### How to complete this task
The material below includes pictures; leave them out and return only the lines between the line containing "Nike Pink Air" and the line containing "Instant Pot Arroz Con Pollo", inclusive, word for word.

### Material provided
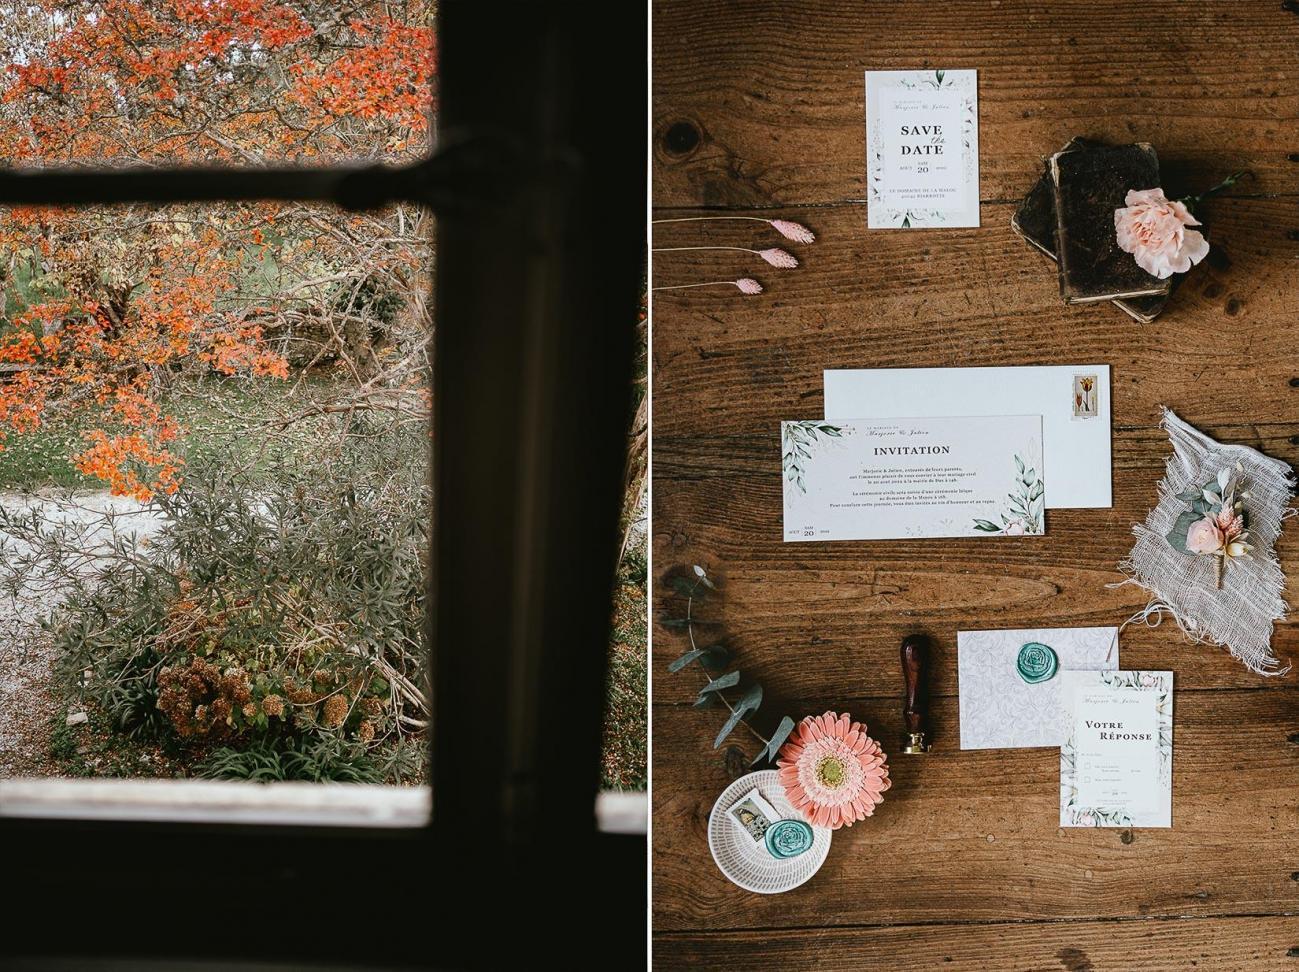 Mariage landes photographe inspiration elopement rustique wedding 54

...

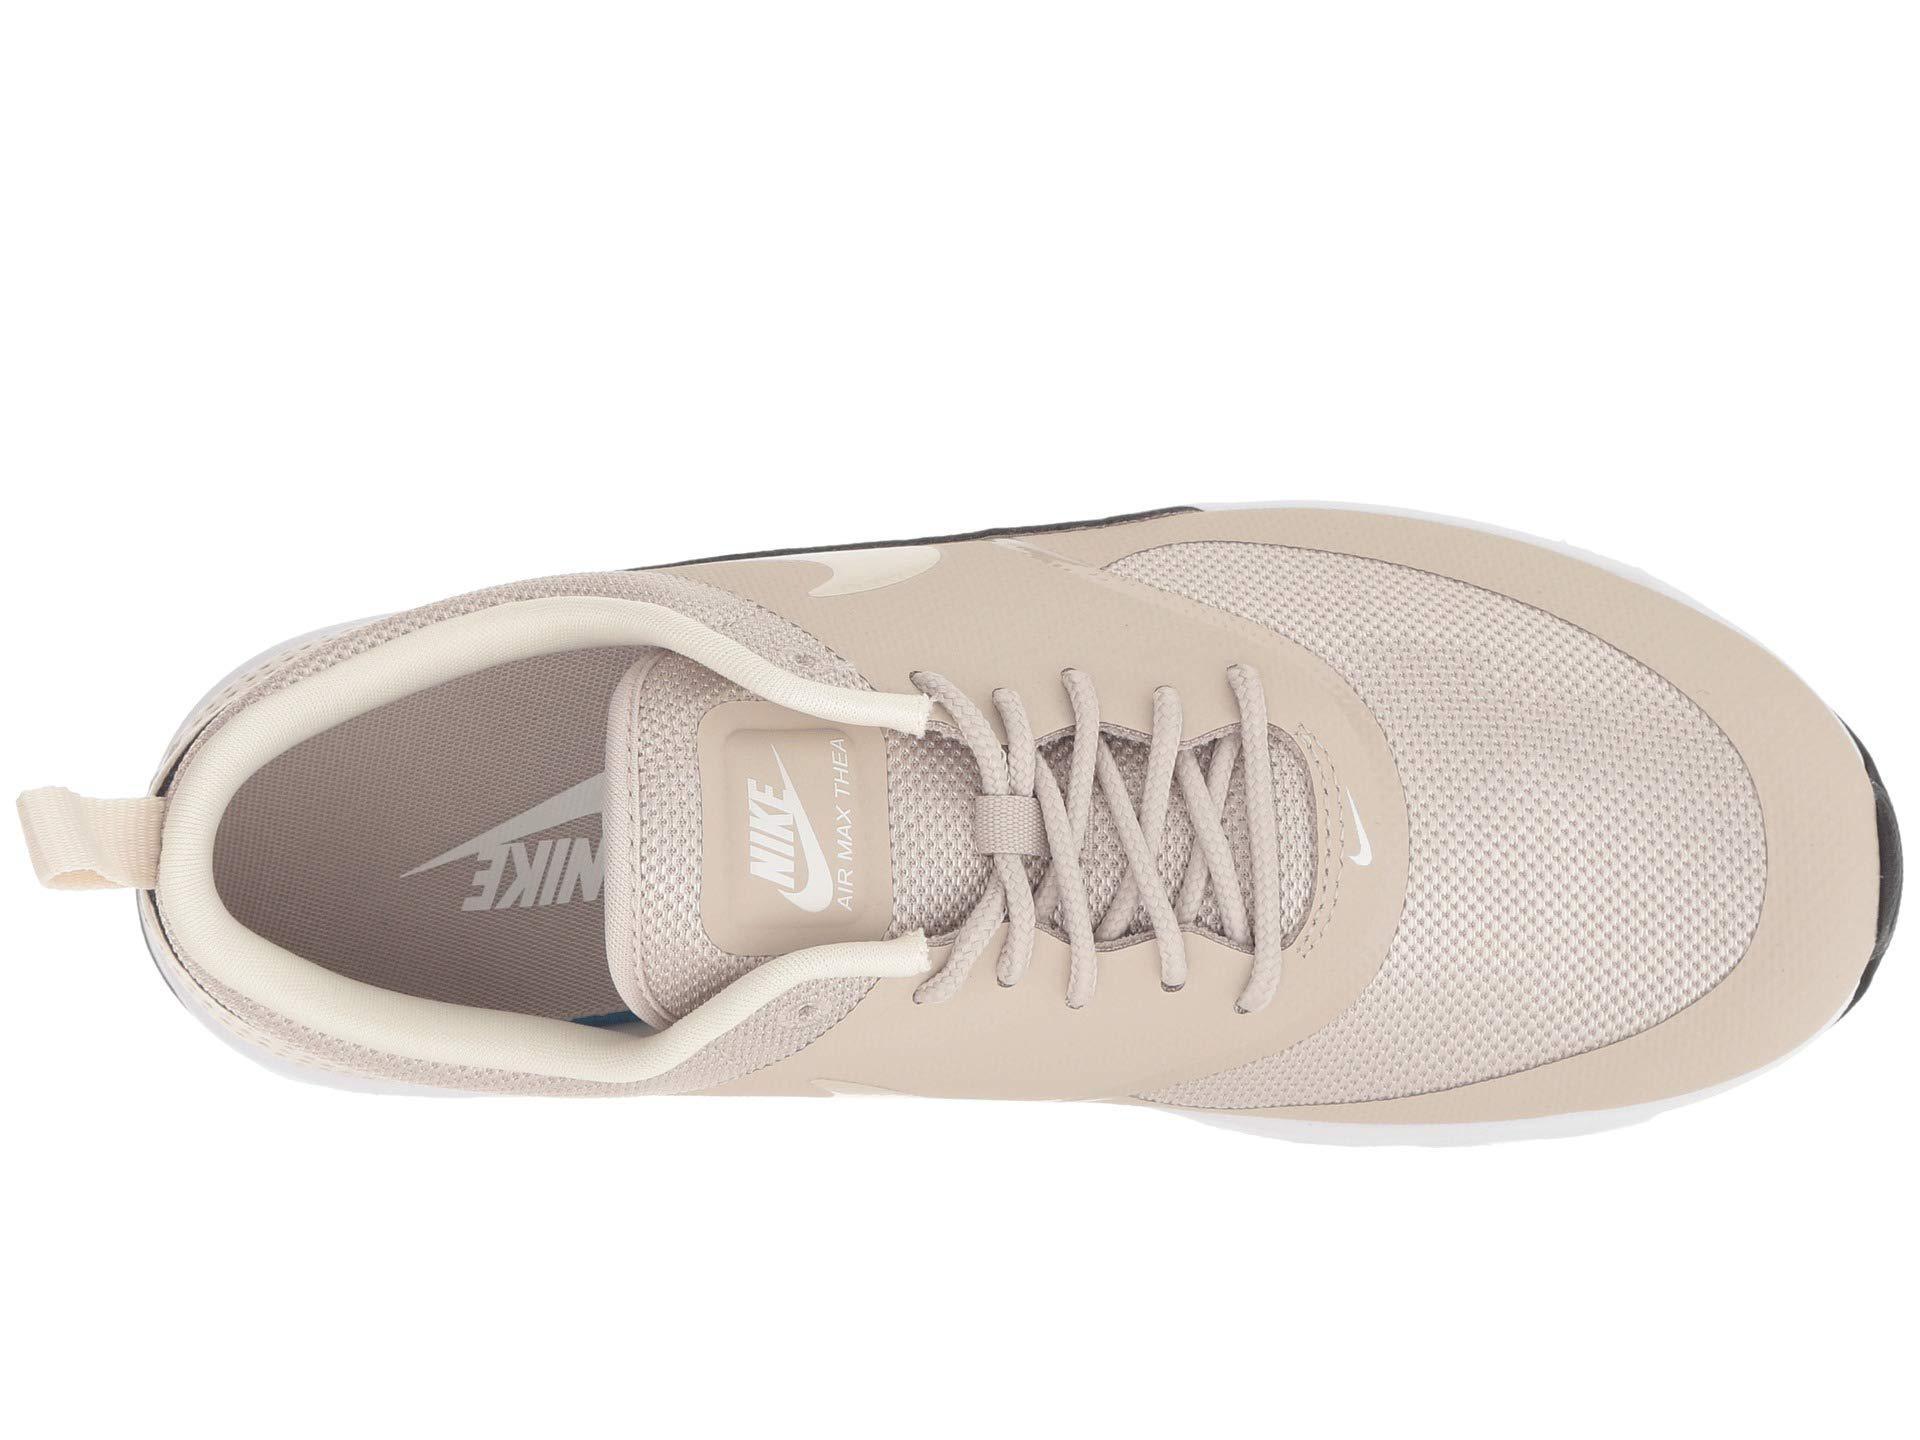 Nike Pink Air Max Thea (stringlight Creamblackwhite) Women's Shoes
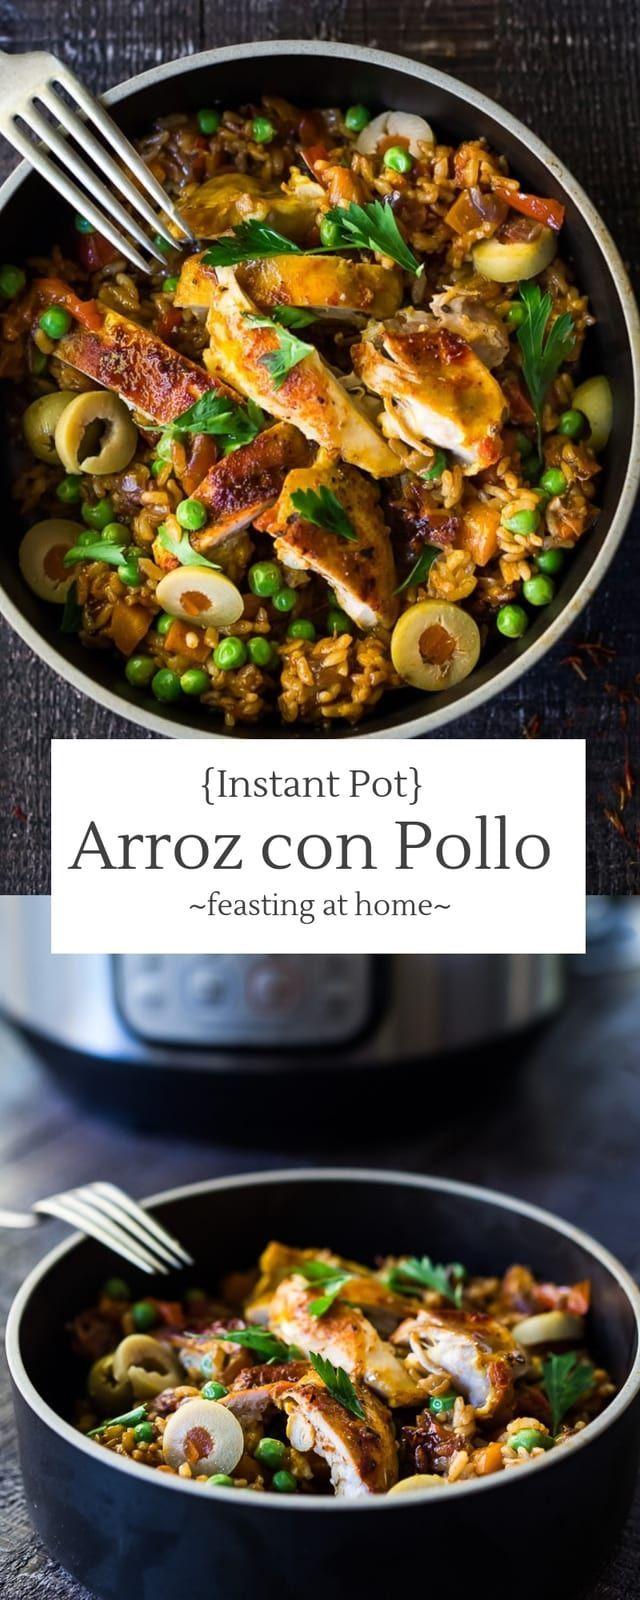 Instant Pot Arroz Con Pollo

...

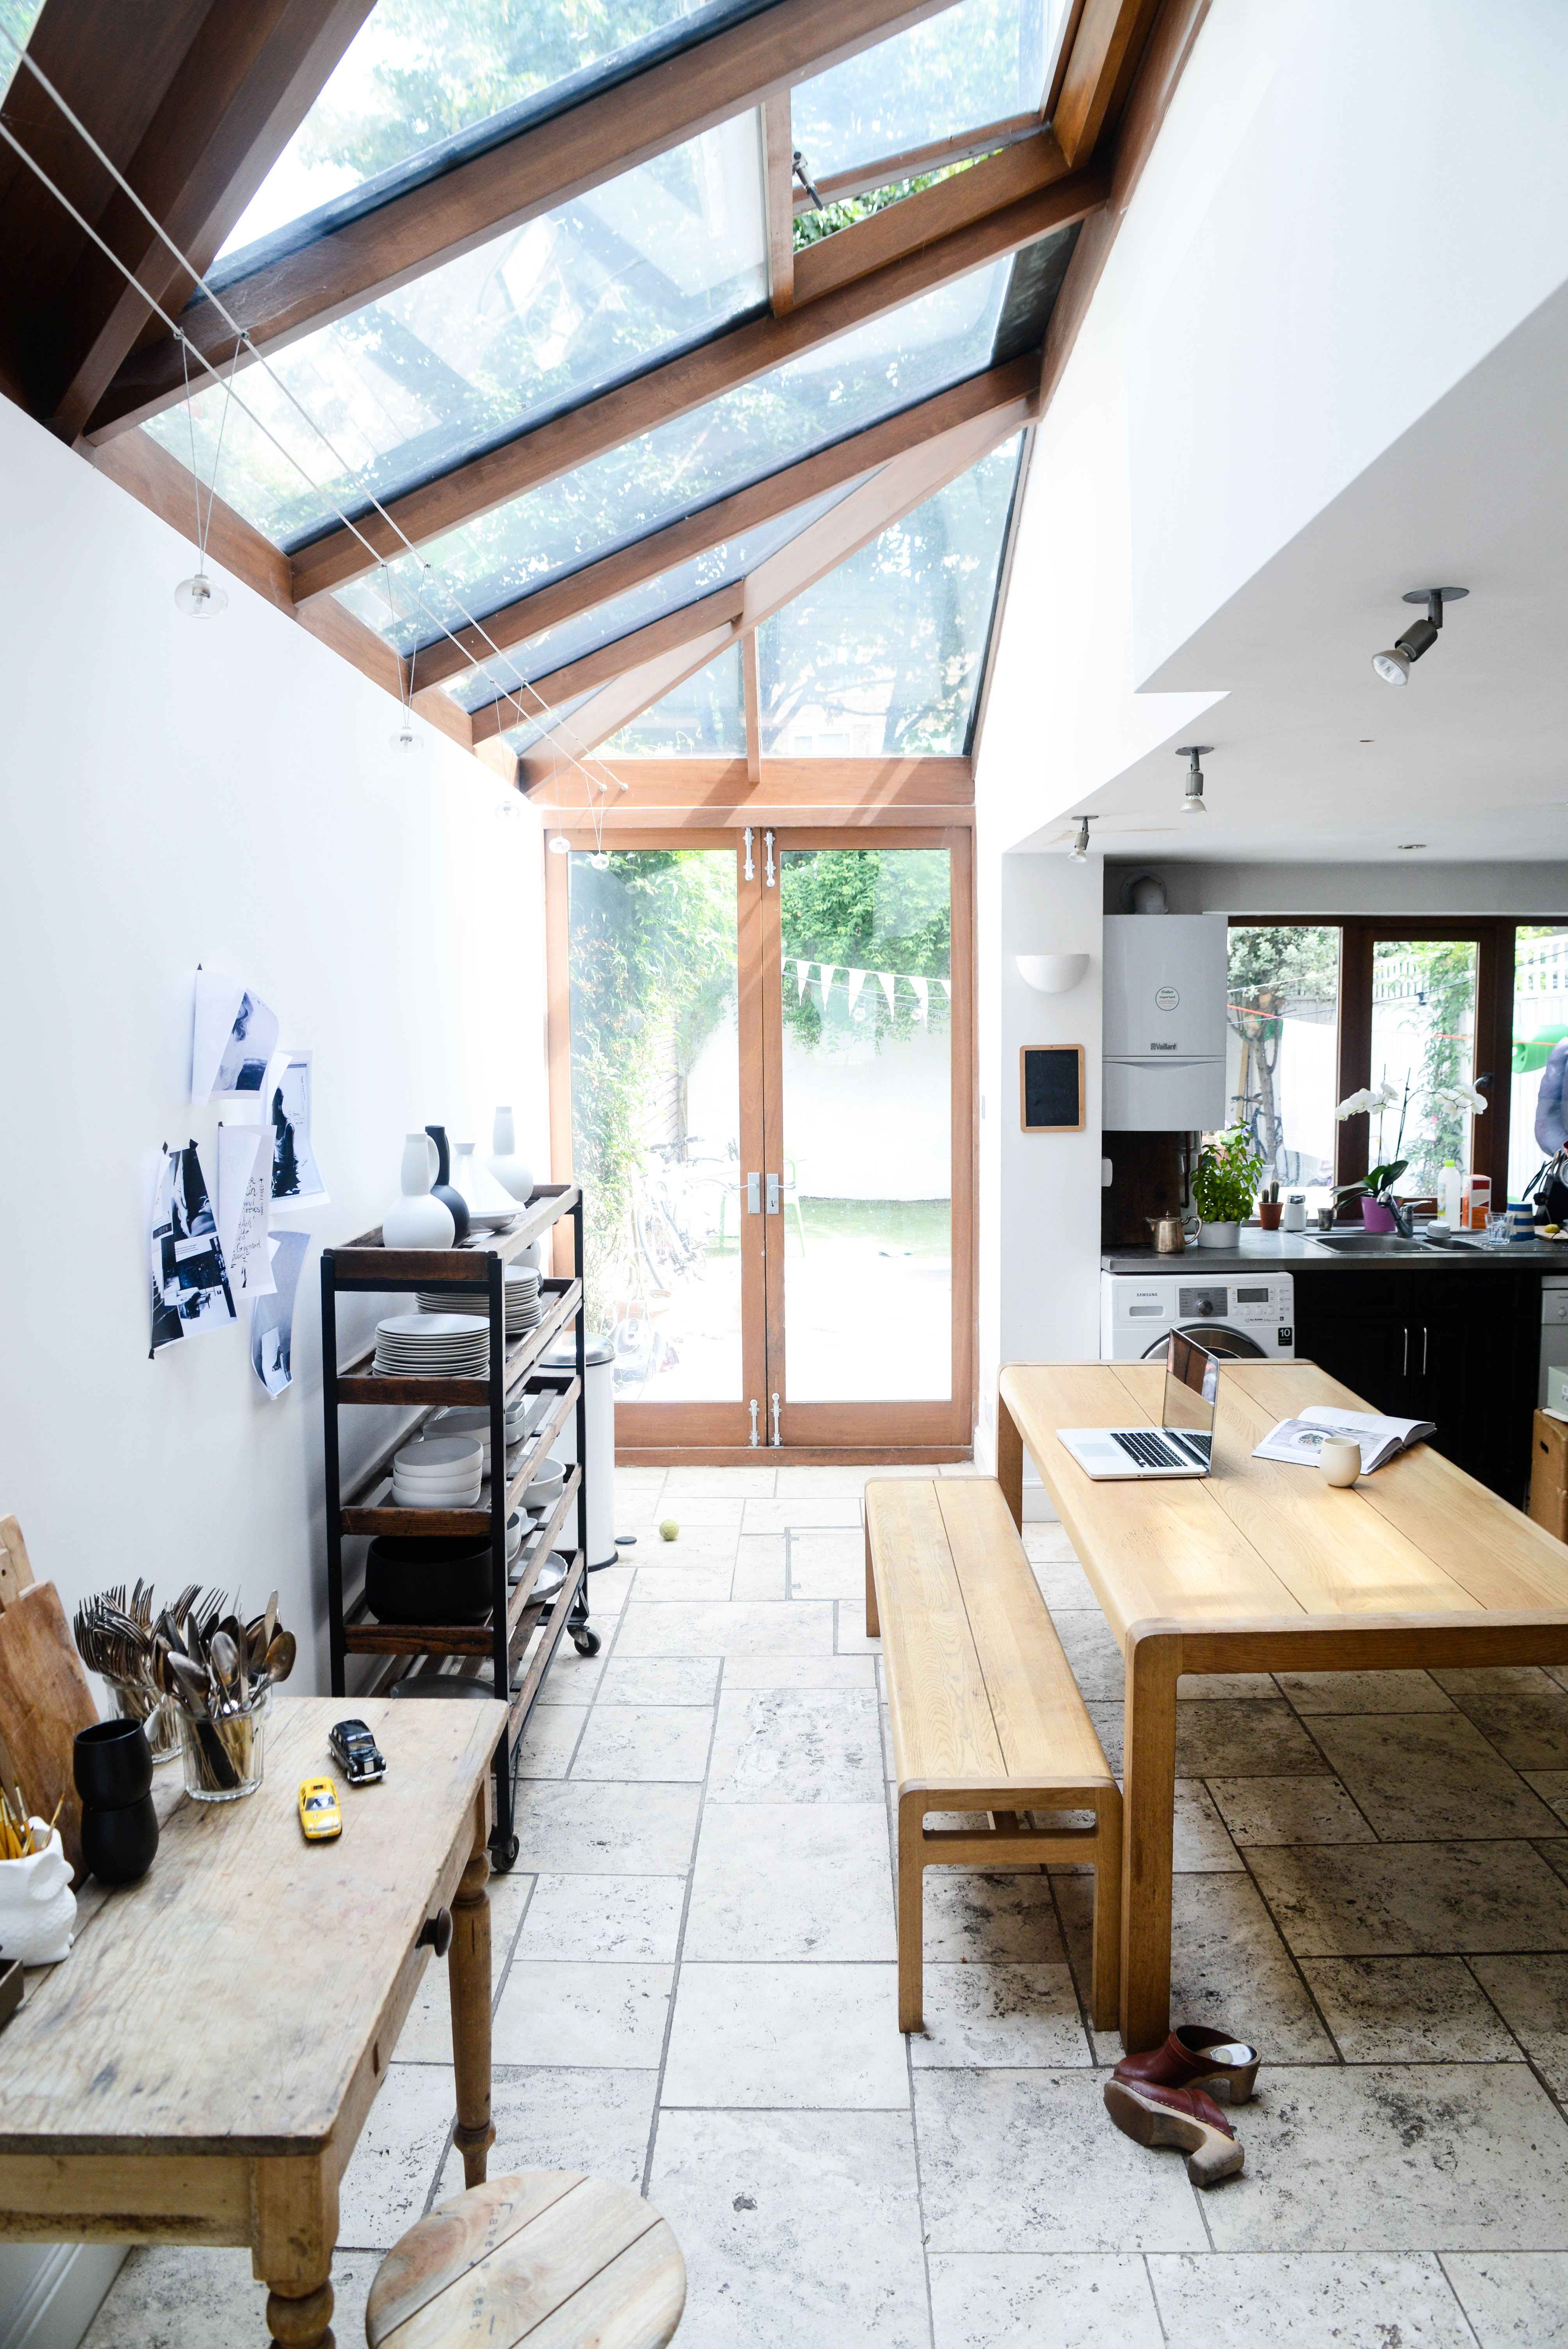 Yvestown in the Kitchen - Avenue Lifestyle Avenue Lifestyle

### Response
 Nike Pink Air Max Thea (stringlight Creamblackwhite) Women's Shoes
 Instant Pot Arroz Con Pollo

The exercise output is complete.